We had to drive into the Yukon Territory to get to Haines Junction, where we took the Haines Highway back into Alaska. You can only reach Haines, Alaska, by road from the Yukon Territory. We drove onto the ferry and spent four days sailing through southeast Alaska to Prince Rupert, British Columbia. From there, we drove to North Dakota, back through the border into Canada at Sault Ste. Marie, where we picked up my race car and trailer in Ontario and headed for home.
In total, the trip was 11,700 miles of driving in 31 days, and because of the over $5.00/gallon diesel price at the time, the fuel bill was about $12,000. We had crossed the Midwest, the western prairie, the Canadian Rockies, the Wrangell St Elias Mountain range, the Alaska Range, and the Chugach Mountain range. The bus had over 300,000 miles on it by then and ran flawlessly. We were glad to have made the trip; we saw people we could no longer see and were glad to get home.
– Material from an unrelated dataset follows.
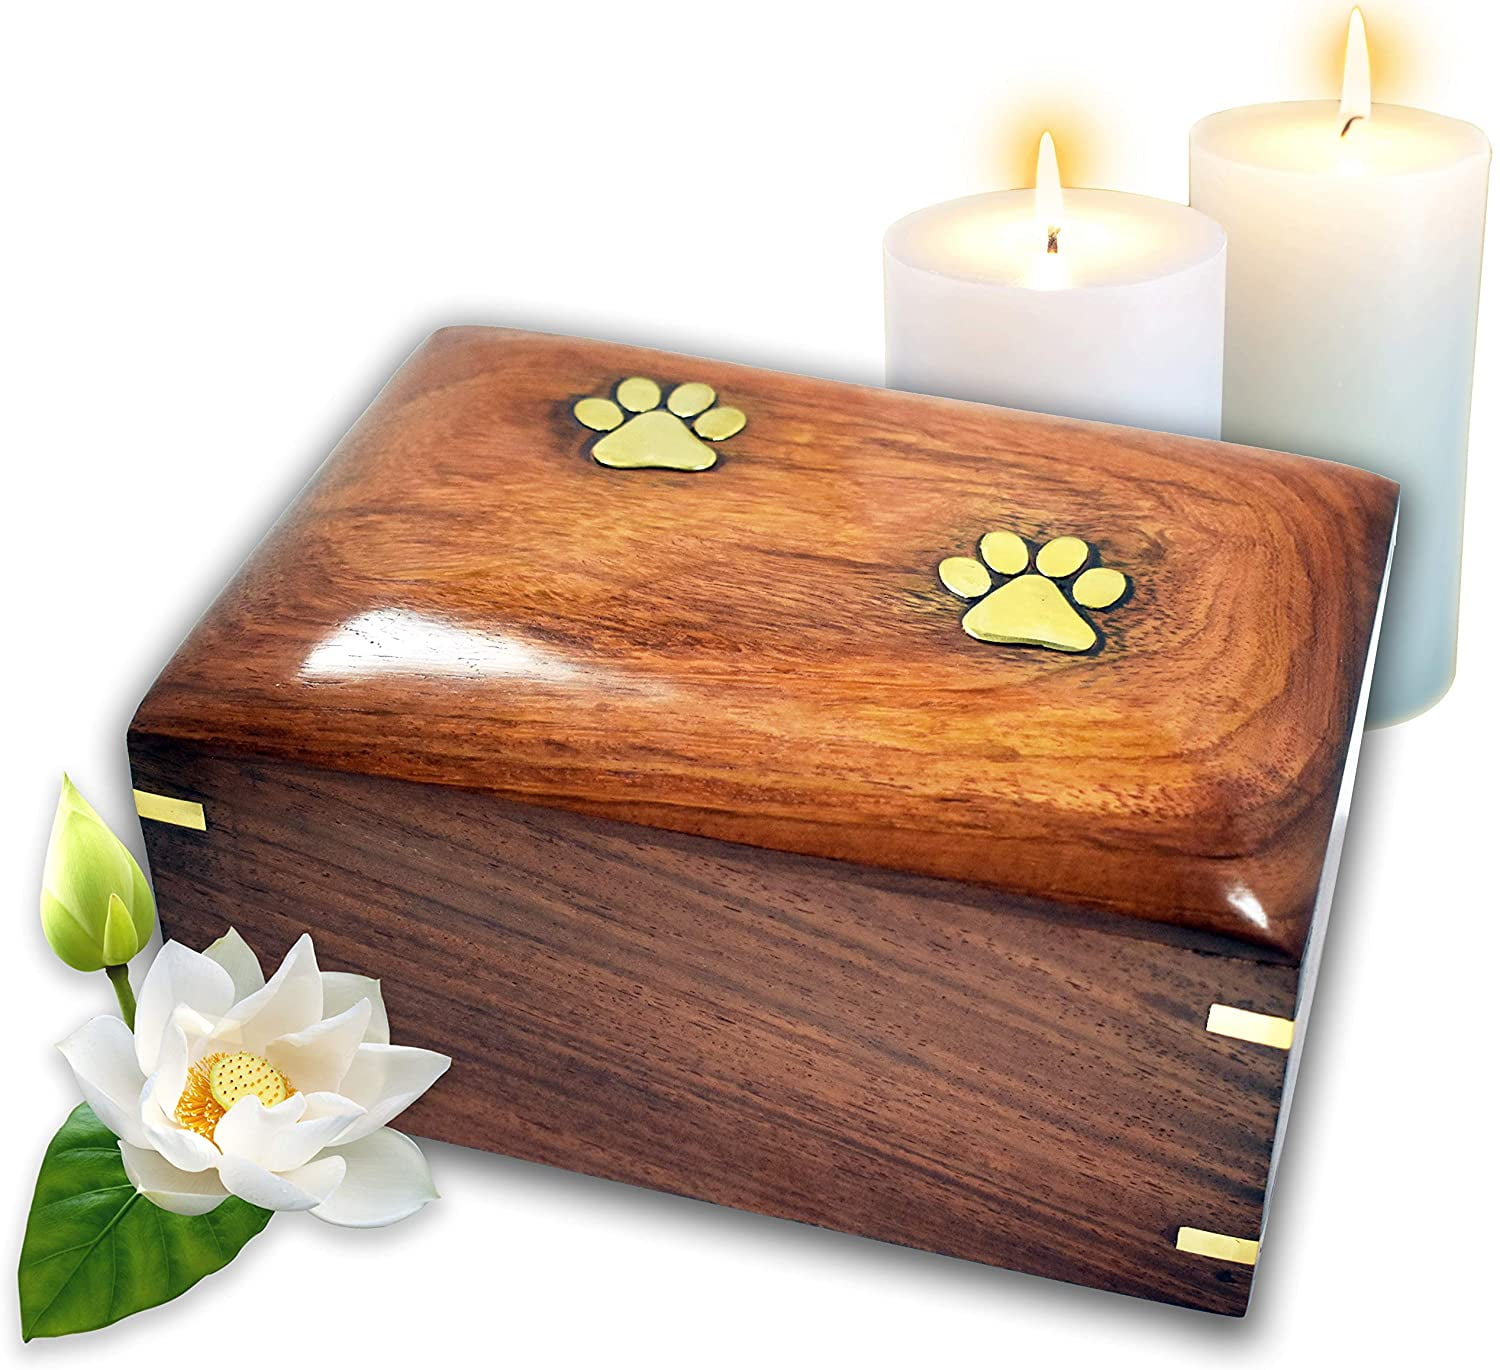 wood memorial urn wooden pet urn stunning tribute to a lost loved one to be treasured and loved. wood pet cremation urn Cremation urn

Paul has been dating his wife for over 55 years. They have four children and two grandchildren. His wife has worked in hospitals and bush clinics for her whole career, doing 20 years of clinical work and 25 years in administration.
Paul has a degree in research biology from the University of Alaska Fairbanks. He worked for Alaska Fish and Game for less than a year before returning to trade school. He received a Master Plumber’s license and Master Gas Fitters license and became a Certified Welder and a Journeyman Pipe Fitter.
He worked building the Trans-Alaska Oil pipeline and in the Alaskan oil fields for 10 years and also dabbled in real estate with college roommates. After selling his third of the real estate company, he and his wife built the farthest north Grade A dairy farm in North America, on 1500 acres of virgin land, 120 miles south of the Arctic Circle. They were 100 miles from the nearest town, 38 miles from the nearest county, and generated their own electricity from a windmill.
After selling the farm, they also started a successful ice road trucking company in Fairbanks, Alaska. They left Alaska after his father-in-law suddenly passed away and returned to New Hampshire, where he eventually sold his trucks and trailers and went to work on nuclear reactor maintenance for a couple of years.
After being dosed with more radiation than his wife was happy with, he started what became a successful plumbing company. In 2008, a national chain purchased the company because they said they thought it was easier to buy his company than compete against him, and he “retired”.
Over the past 24 years, they have had three buses: a 1964 MCI, a 1990 Prevost, and a 2000 Prevost. For the last six years, they have lived full-time in the 2000 Prevost Country Coach conversion.